Но злополучный год отринул деловых людей и от его советов. Последние три года он жил как изгой, как прокаженный. И что же теперь? Сын, сам‑то не став еще советником, свои советы охотно раздавал по сторонам. Не без хитрецы, пожалуй. Самое ценное себе все‑таки оставлял. Тимофей Саввич и в московскую, главную, контору наведывался, и в купеческий коммерческий банк. Все верно: капиталы росли как на дрожжах; через год миллионные потери были уже восстановлены, потому что сын вернул на фабрику старых, опытных ткачей и брака не стало, ткани на глазах преображались. Дружбу с хорошими художниками завел, рисунки каждый месяц обновлялись и становились все игривее. Особых вольностей в печатных тканях Тимофей Саввич не одобрял — но ведь прибыль, прибыль!.. Продажа шла все успешнее, словно Савва околдовал скупщиков, которые и развозили-разносили товар по России. Радоваться бы?

Все так, но называть себя хозяином сынок запретил — только директором- распорядителем, в кабинет к нему как к себе домой приходили начальники цехов, даже мастера, даже работные люди, которым он выказывал особую ласку. Виданное ли дело! Такое панибратство к добру никогда не приводило. Верные други и соглядатаи старого хозяина, вроде зятька Карпова, главного механика Кондратьева, главного бухгалтера Назарова, с тревогой на несколько голосов говорили при встрече:

— Незнамо, что и дальше будет! Клуб какой‑то, а не директорский кабинет.

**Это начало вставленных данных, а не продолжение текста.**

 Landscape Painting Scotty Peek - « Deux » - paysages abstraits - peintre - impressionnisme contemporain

— Ссыльным мирволит. Мало, что хорошие спецы! Но не они ли своим бунтарством разорили все фабрики?

Зятек-доцент и научную подоплеку подводил:

— Еврейским марксизмом попахивает. Так‑то, наш дорогой Тимофей Саввич.

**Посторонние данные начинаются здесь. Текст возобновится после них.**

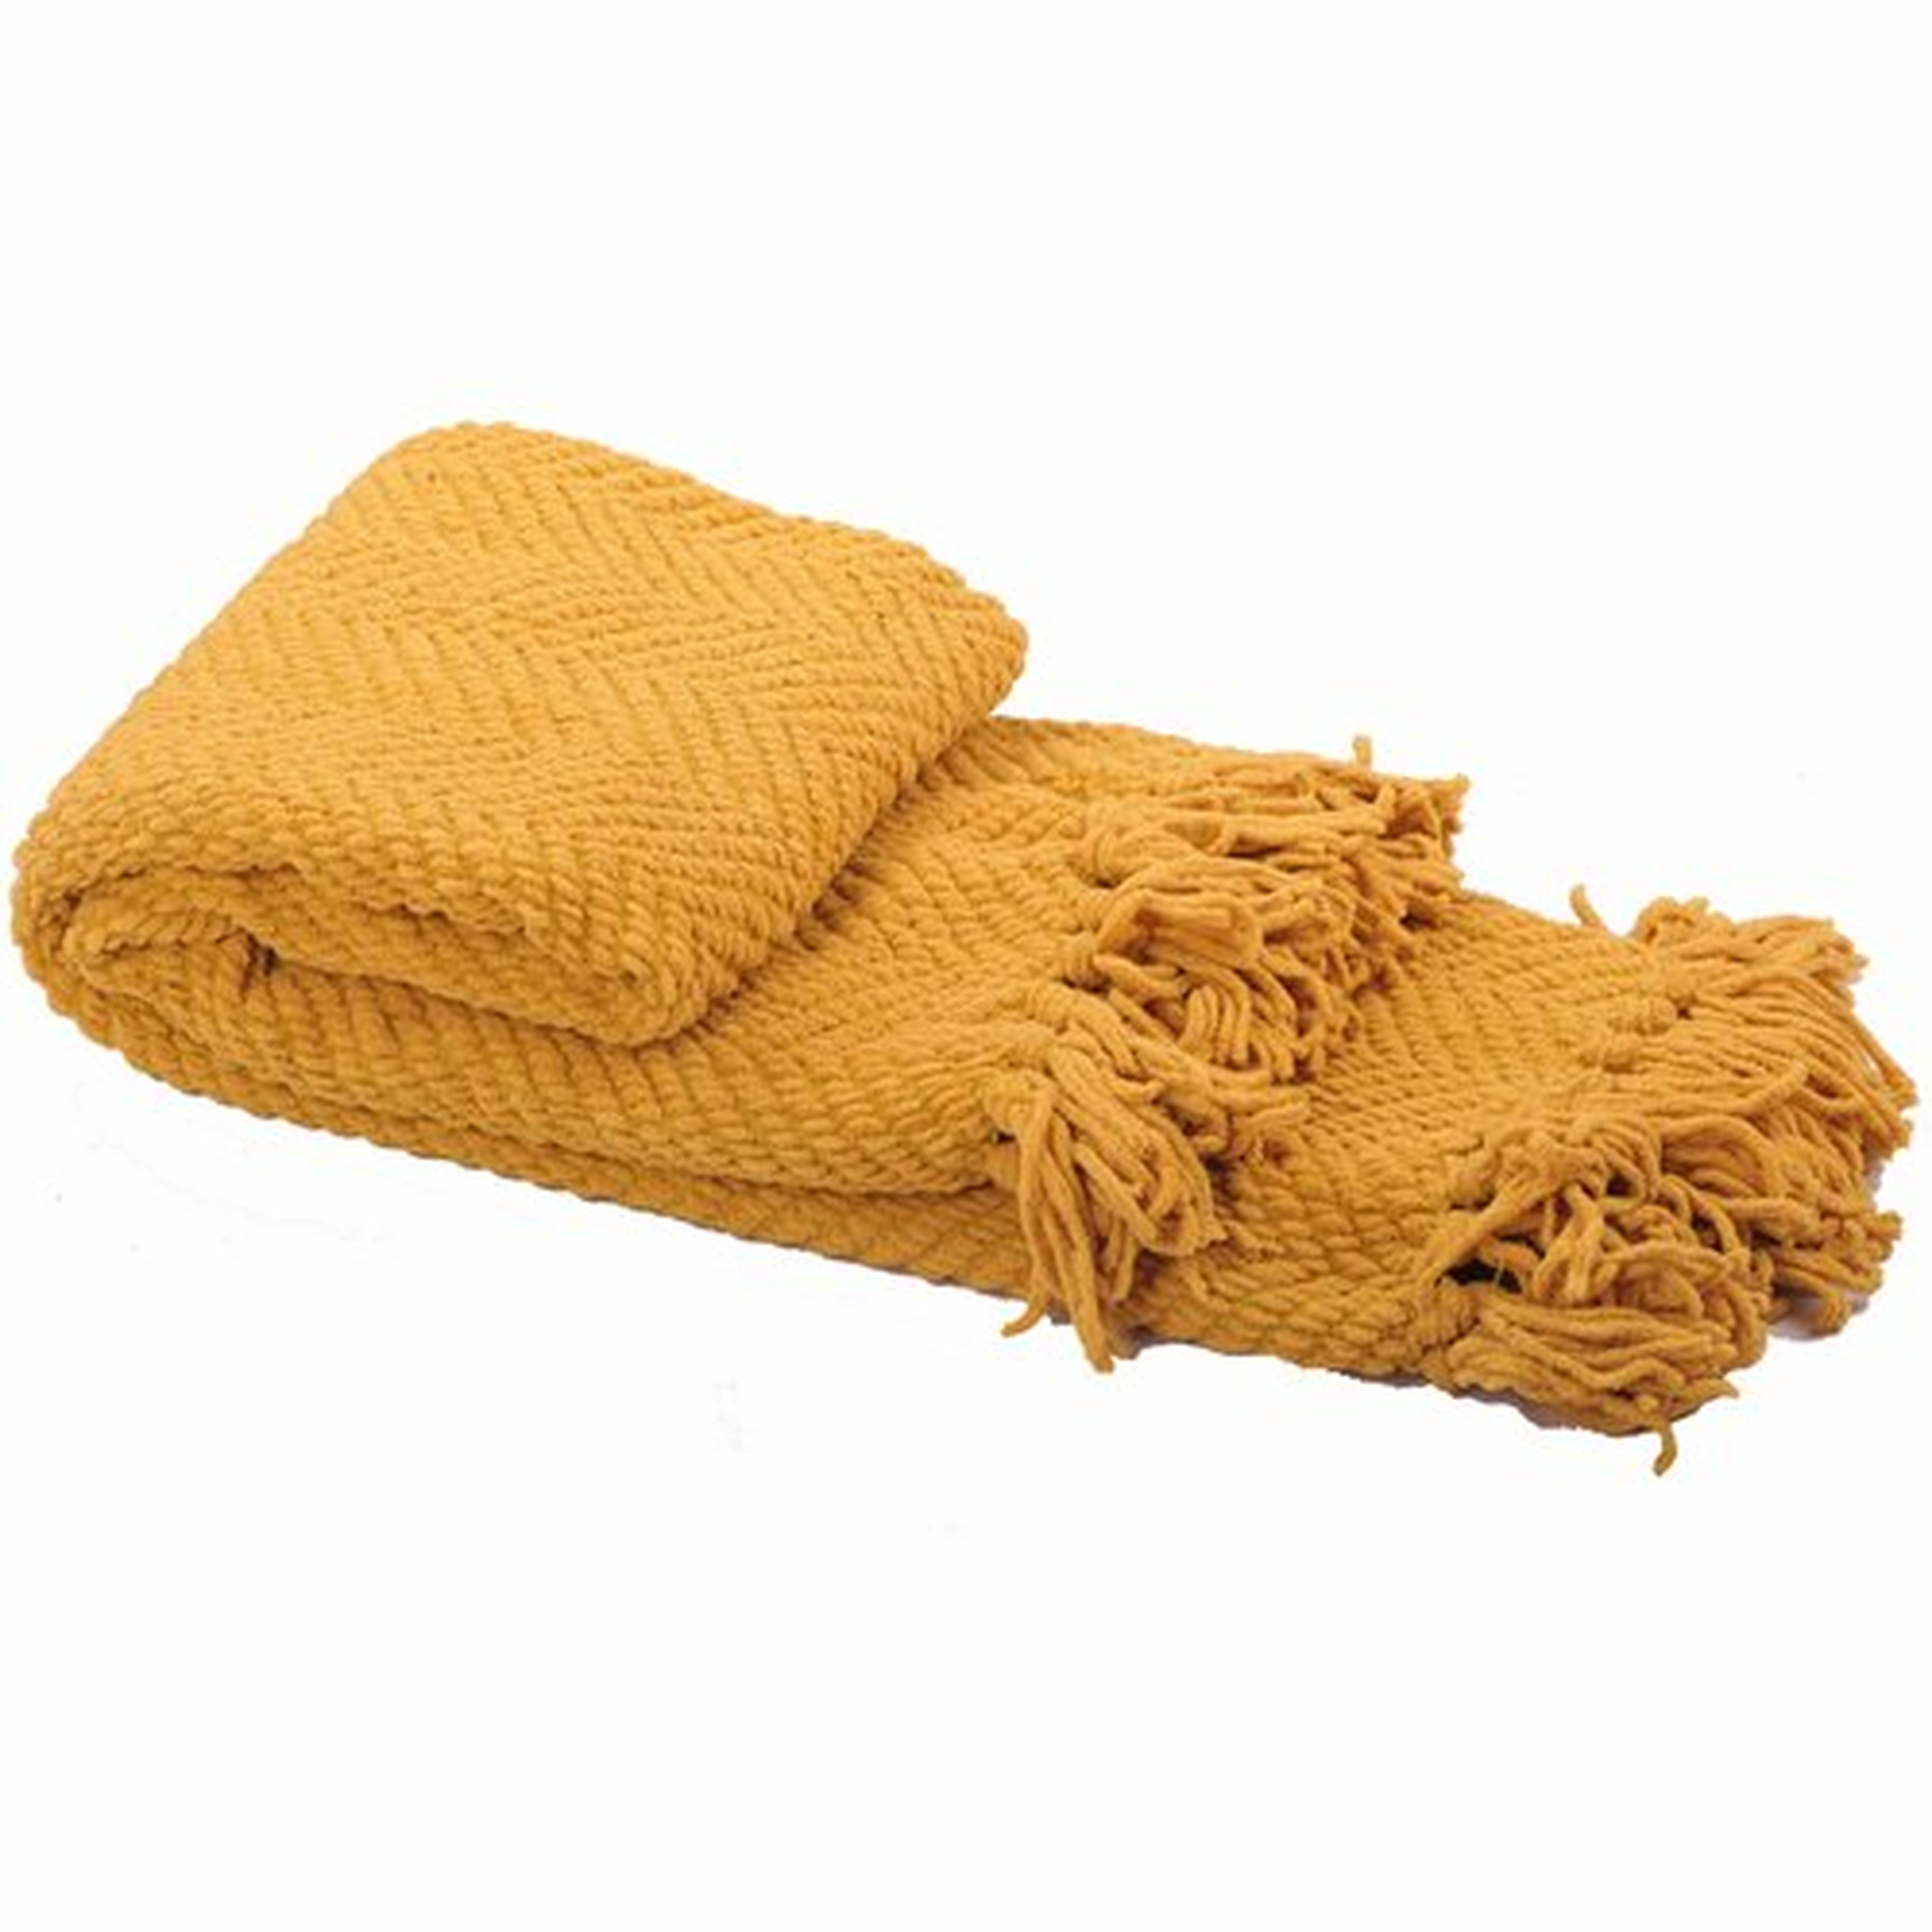 Nader Tweed Knitted-Design Throw, Lemon Curry - Wayfair

Старый Морозов тоже не лаптем щи хлебал. И про марксов-энгельсов, бывая за границей, слыхивал, и дурного разбойника князя Кропоткина поругивал, и от появившихся доморощенных Плехановых отплевывался; сопливый ветер — он не больше чем пыль с большой дороги. Но чтобы в дедовском, морозовском кабинете?

Что‑то надо было делать. Хоть и хвори подкашивали ноги, как на владимирском суде, а надзор следовало усилить. Пайщики пайщиками, а основные капиталы были у него да переданные в надежные руки — у женушки. Мария Федоровна и то стала беспокоиться:

— Смотри, Тимоша, не оказаться бы нам на старости лет с голыми задницами.

И Тимофей Саввич решился:

— Вот пару деньков отлежусь — дай устрою ревизию сынку. Время хоть и холодное, да в шубе‑то не замерзну.

Был ноябрь 1888 года.

Год всего и прошел, как он передал дела сыну. Мал срок, а пора вразумить бизона.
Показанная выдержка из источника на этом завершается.